3.  **Verification Process:**
    -   The function will first call `find_ambiguity_candidates` to get the list of potential issues.
    -   It will then instantiate the `AmbiguityDetectingParser` from Phase I.
    -   For each `Candidate`, it will invoke a specialized method on the parser, such as `parser.check_ambiguity_for_rule(&candidate.rule_name, &candidate.witness_string)`.
    -   This method will run the parsing logic on the `witness_string`, starting from the specified rule.
    -   If the parser's modified `parse_alternatives` function reports an ambiguity (i.e., returns multiple valid parse trees for the witness string), an `AmbiguityReport` is generated and added to the final results.

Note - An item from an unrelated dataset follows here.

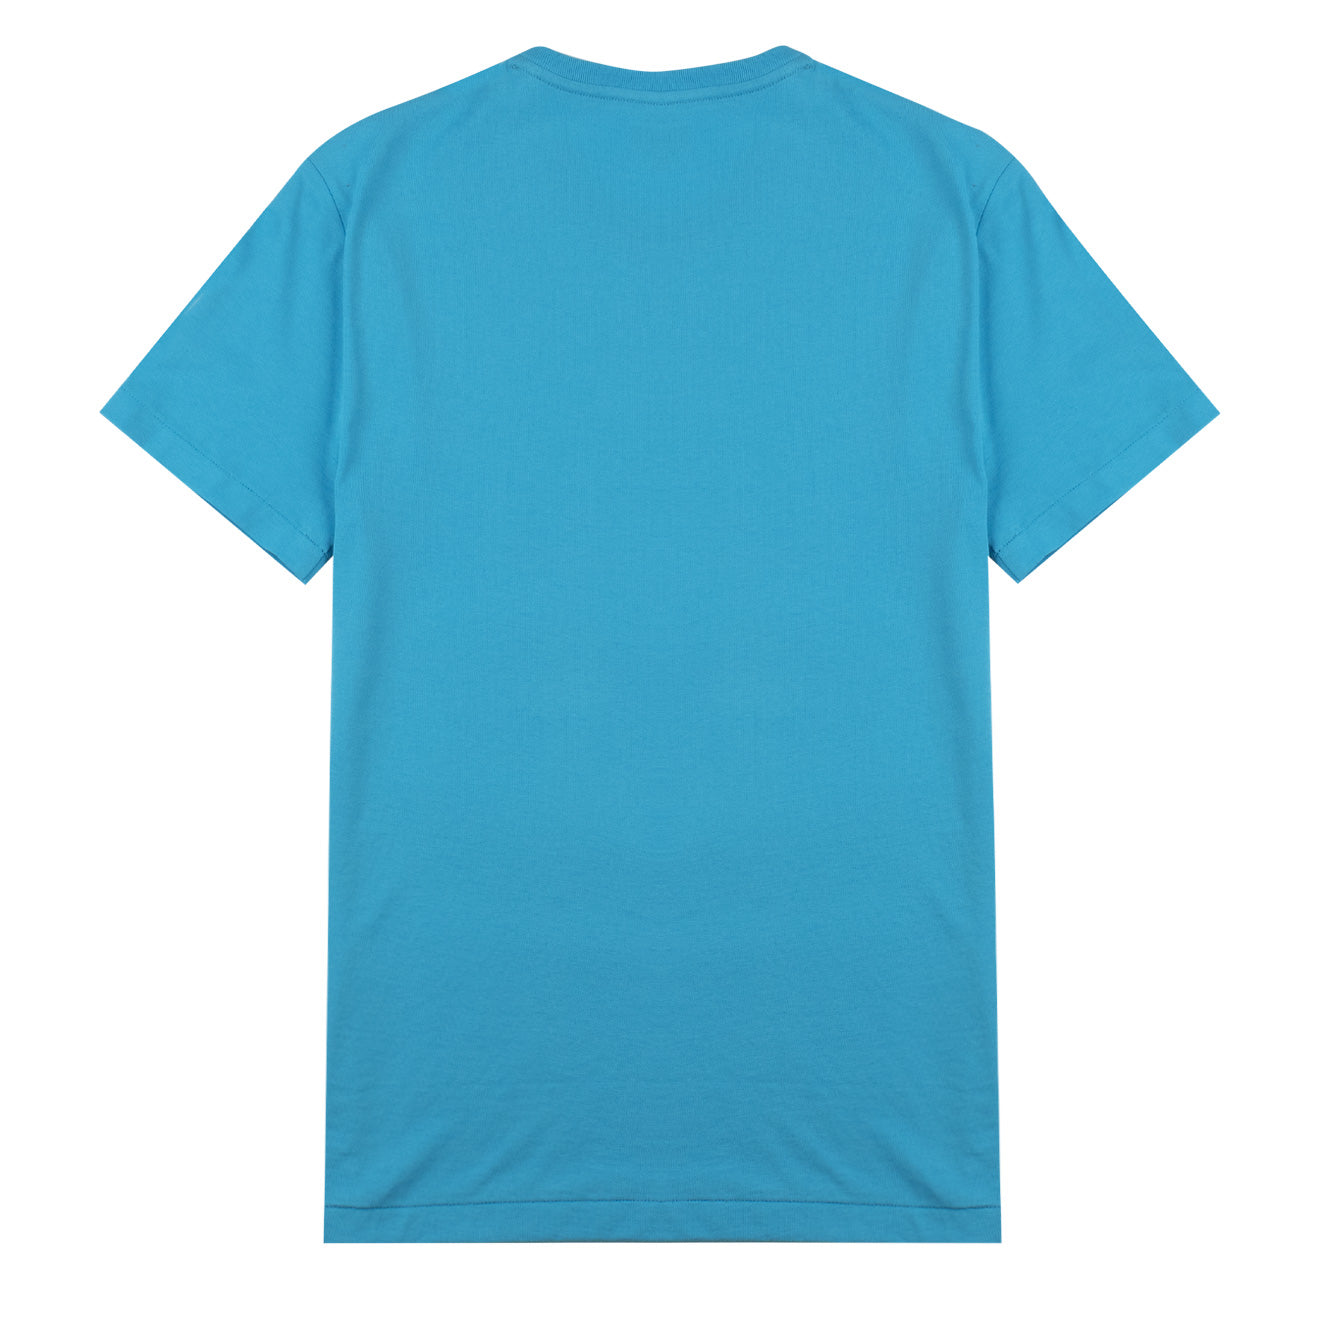 Polo Ralph Lauren Slim Fit S/S T-Shirt Cove Blue | The Sporting Lodge

## 4. Expected Outcomes & Success Criteria

-   **Primary Deliverable:** A function that takes a grammar and returns a list of confirmed static ambiguities, including the rule, the input string that demonstrates the ambiguity, and the resulting parse trees.
-   **Success Criteria:** The system will be considered successful if it can correctly identify simple, prefix-based ambiguities in test grammars, such as:
    -   `A: "x" | "x" .`
    -   `A: "a" "b" | "a" "c" .`
-   This functionality will provide grammar authors with immediate, actionable feedback, allowing them to resolve ambiguities before deploying the grammar.

## 5. Limitations & Future Work

-   **Scope:** This method is a heuristic and is not guaranteed to find all possible ambiguities in a context-free grammar, as that is an undecidable problem.
-   **Initial Limitation:** The first version of this experiment will only detect ambiguities arising from common prefixes of **terminal symbols** (strings and characters).

-   **Future Enhancements:**
    1.  **Non-Terminal Prefixes:** Extend the candidate generation logic to handle cases where alternatives share a common non-terminal prefix (e.g., `A: B "x" | B "y" .`).
    2.  **Integration:** Integrate the ambiguity detection mechanism into the `IxmlParser::new()` constructor to automatically warn users of ambiguous grammars.
    3.  **More Complex Patterns:** Investigate algorithms for detecting other ambiguity patterns beyond common prefixes.